Personal information
- Born: 19 July 1995 (age 30) Bensheim, Germany
- Nationality: German
- Height: 1.93 m (6 ft 4 in)
- Playing position: Pivot

Club information
- Current club: Rhein-Neckar Löwen
- Number: 80

Youth career
- Years: Team
- 0000–2012: TV Grosswallstadt

Senior clubs
- Years: Team
- 2012–2013: SG Leutershausen
- 2013–2015: TV Grosswallstadt
- 2015–2018: HSG Wetzlar
- 2018–: Rhein-Neckar Löwen

National team ^{1}
- Years: Team / Apps / (Gls)
- 2015–: Germany / 135 / (240)

Medal record
Olympic Games
| Silver medal – second place | 2024 Paris | Team |
European Championship
| Gold medal – first place | 2016 Poland |  |
| Silver medal – second place | 2026 Denmark/Norway/Sweden |  |
Youth World Championship
| Bronze medal – third place | 2013 Hungary |  |
Youth European Championship
| Gold medal – first place | 2012 Austria |  |

= Jannik Kohlbacher =

German handball player (born 1995)

Jannik Kohlbacher (born 19 July 1995) is a German handball player for Rhein-Neckar Löwen and the Germany national team.

==Early life and career==
In November 2015, he was called up to the Germany national team for the Supercup tournament against, Brazil, Slovenia and Serbia.
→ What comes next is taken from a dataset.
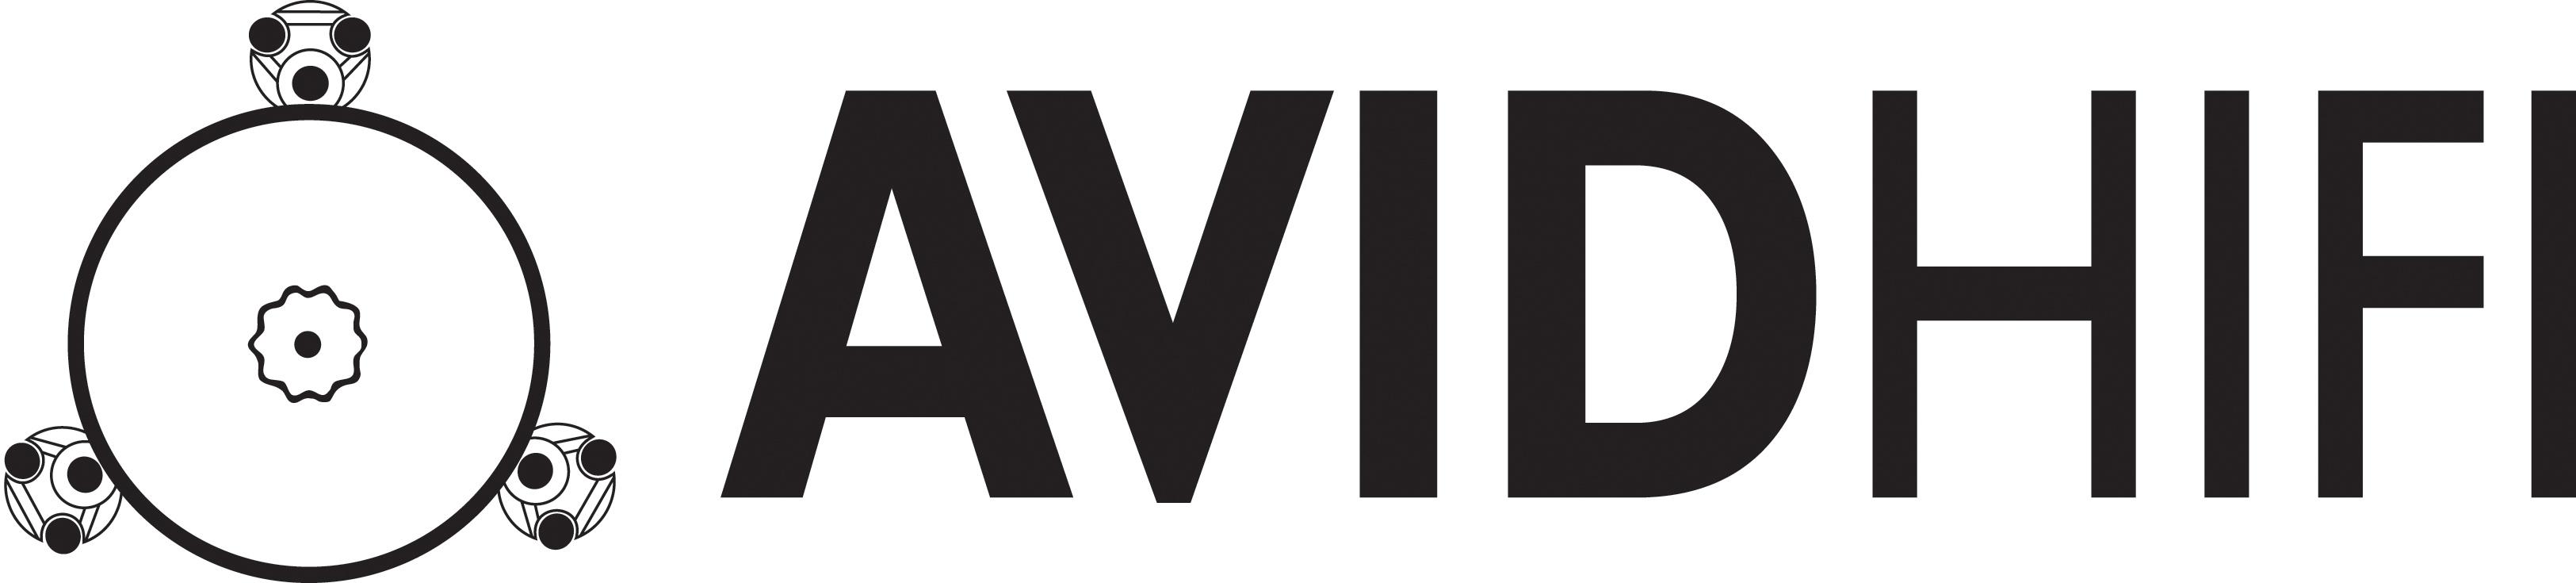 La marque AVID

He debuted for the national team on the 5th of November against Brazil. He was part of the German team that won the 2016 European Men's Handball Championship.

At the 2026 European Men's Handball Championship he won silver medals, losing to Denmark in the final. Kohlbacher received a red card in the final in the 56th minute.